Created in 1832 in the kitchens of Prince Metternich, who yearned for a new dessert to impress visiting guests, the cake was dreamed up not by the palace’s pâtissier, who had taken ill, but his 16-year-old apprentice, Franz Sacher. Chocolate cakes were old hat in 19th-century Vienna; what made Sacher’s torte so special was the combination of a dense chocolate cake, apricot jam, and a smooth chocolate glaze, served with a side of unsweetened whipped cream.

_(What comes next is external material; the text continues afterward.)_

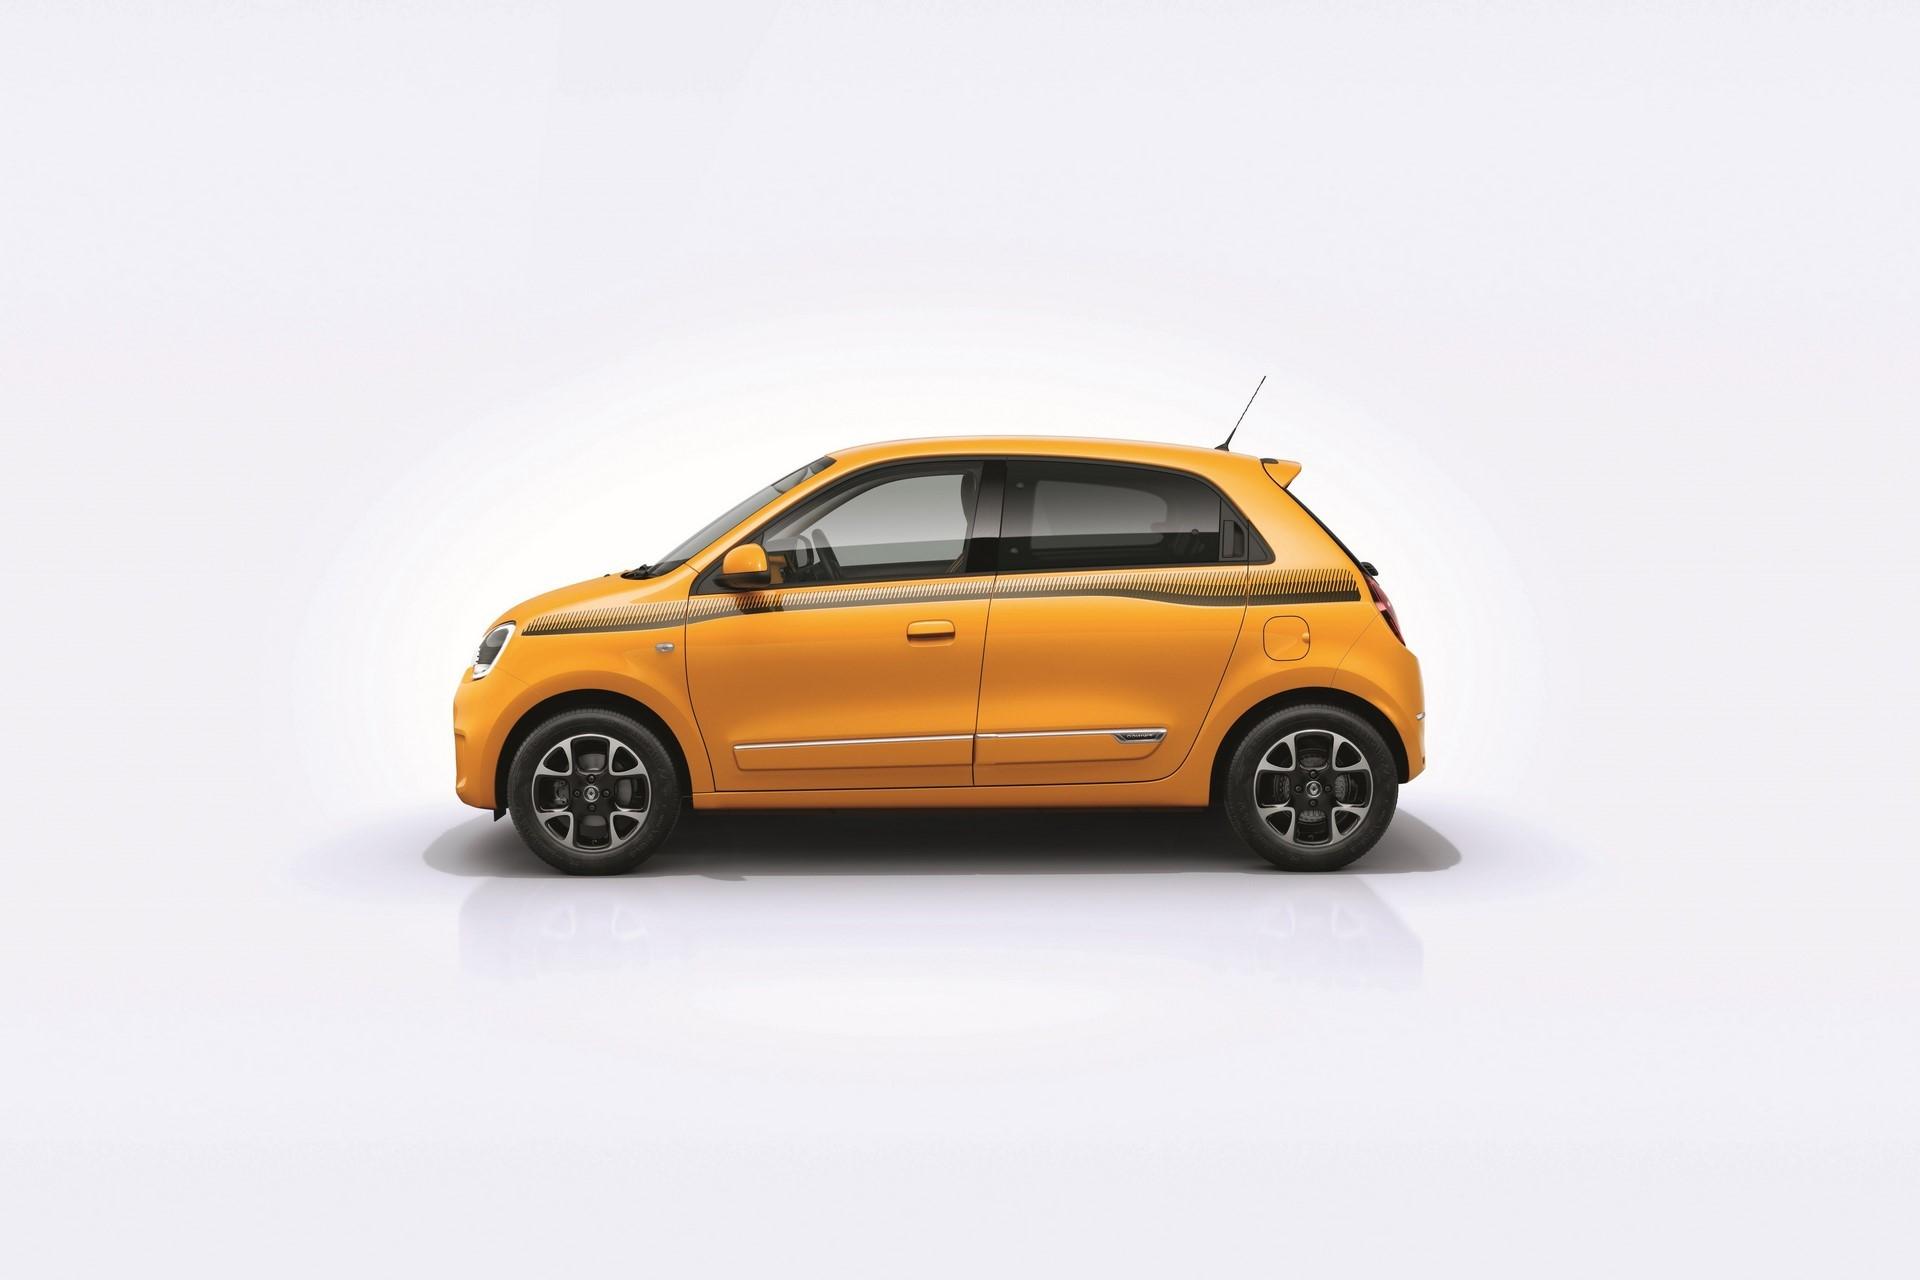 2019 - Nouvelle Renault TWINGO

The recipe was fine-tuned some years later by Franz’s son Eduard while he was working at the Viennese patisserie Demel, official pastry supplier to the imperial and royal courts as well as the upper crust of Viennese society. But in 1876, Eduard up and left Demel, taking his famous cake recipe with him to serve at his new Hotel Sacher. Alas, the Hotel Sacher went bankrupt in the 1930s and Eduard’s son, also named Eduard, headed back to Demel, bringing along his cherished recipe for the cake now sold as the “Eduard Sacher-Torte.”

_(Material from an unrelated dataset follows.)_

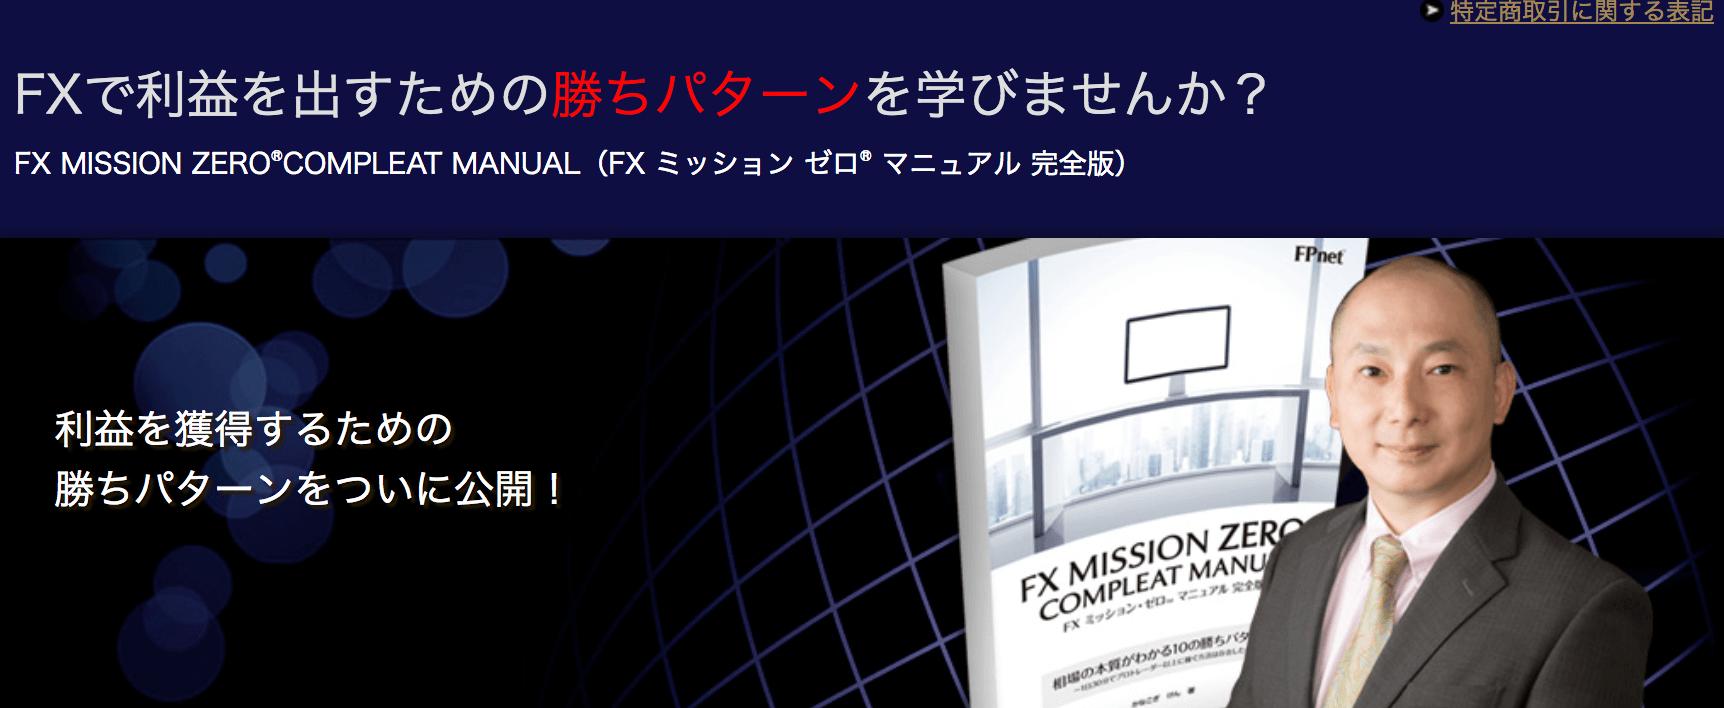 FXミッションゼロマニュアル完全版豪華特典付き口コミ評判レビュー

Meanwhile, the new owners of the Hotel Sacher (the Gürtler family own it to this day) began to sell cakes under the (now-trademarked) name “the Original Sacher-Torte.” So adamant were they about having sole ownership of the cake that they decided to sue Demel in 1954 for exclusive rights to the name. The legal battle that transpired lasted some nine years and concerned such compelling subjects as whether the cake could be made with butter or margarine, and whether the jam should be spread on top or between the layers.

In 1963, the battle of the Sachertorte cakes was finally resolved in an out-of-court settlement. Despite the legal wrangling, it’s interesting to note that you’ll find Sachertorte in some shape or form in almost every café in central Europe today. In Budapest, Hungarian pastry chefs, less tied to the original recipe, are turning out Sachertorte containing peach jam, marzipan, and cinnamon.

Chocolate cakes were old hat in 19th-century Vienna; what made Sacher’s torte so special was the combination of a dense chocolate cake, apricot jam, and a smooth chocolate glaze, served with a side of unsweetened whipped cream.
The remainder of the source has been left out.